If there is any doubt, one need only listen to the explanation that followed. At the district court level, she explained, the rulings are not “precedential,” so they are based on law and facts, and “the facts control.” But in a court of appeals, rulings are handed down that establish precedents that both appellate and district courts are likely to follow in future judgments. And in making said rulings, one must look at where precedent has been and where it is headed. And the judge looks at what impact his or her ruling will have “on the next step in the development of the law.” (Emphasis added.) But “we don’t make law.” Yes, Judge Sotomayor. We know. We know.
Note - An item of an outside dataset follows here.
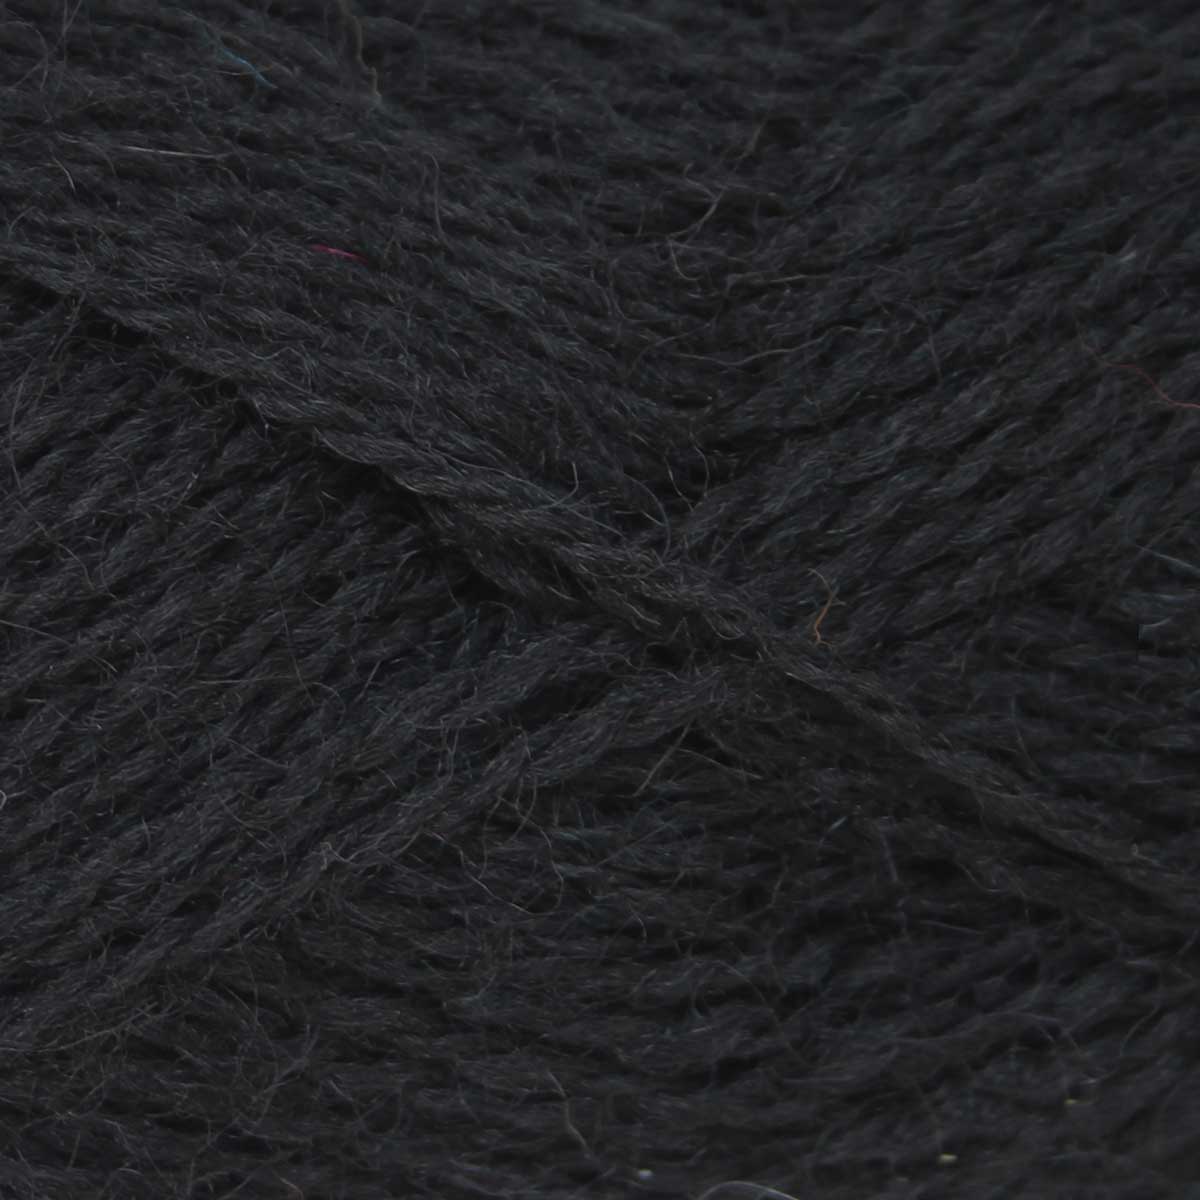 Pip Colourwork 4ply: 100% British Hand Knitting Wool 25g Ball

Here we have a Supreme Court nominee confirming virtually everything conservatives, libertarians, and constitutionalists have been saying about judicial activism for the past half-century. Sotomayor has waved a red flag in front of Senate Republicans who have been condemning judicial activism in every election campaign and then voting to confirm every judicial activist nominated for the Supreme Court and lesser courts. Sotomayor waved the flag. Will the Republican elephant charge? Or will it do what it did for Clinton nominees Ginsburg, Breyer, and others — roll over and play dead?

There may, after all, be no point in breaking with precedent.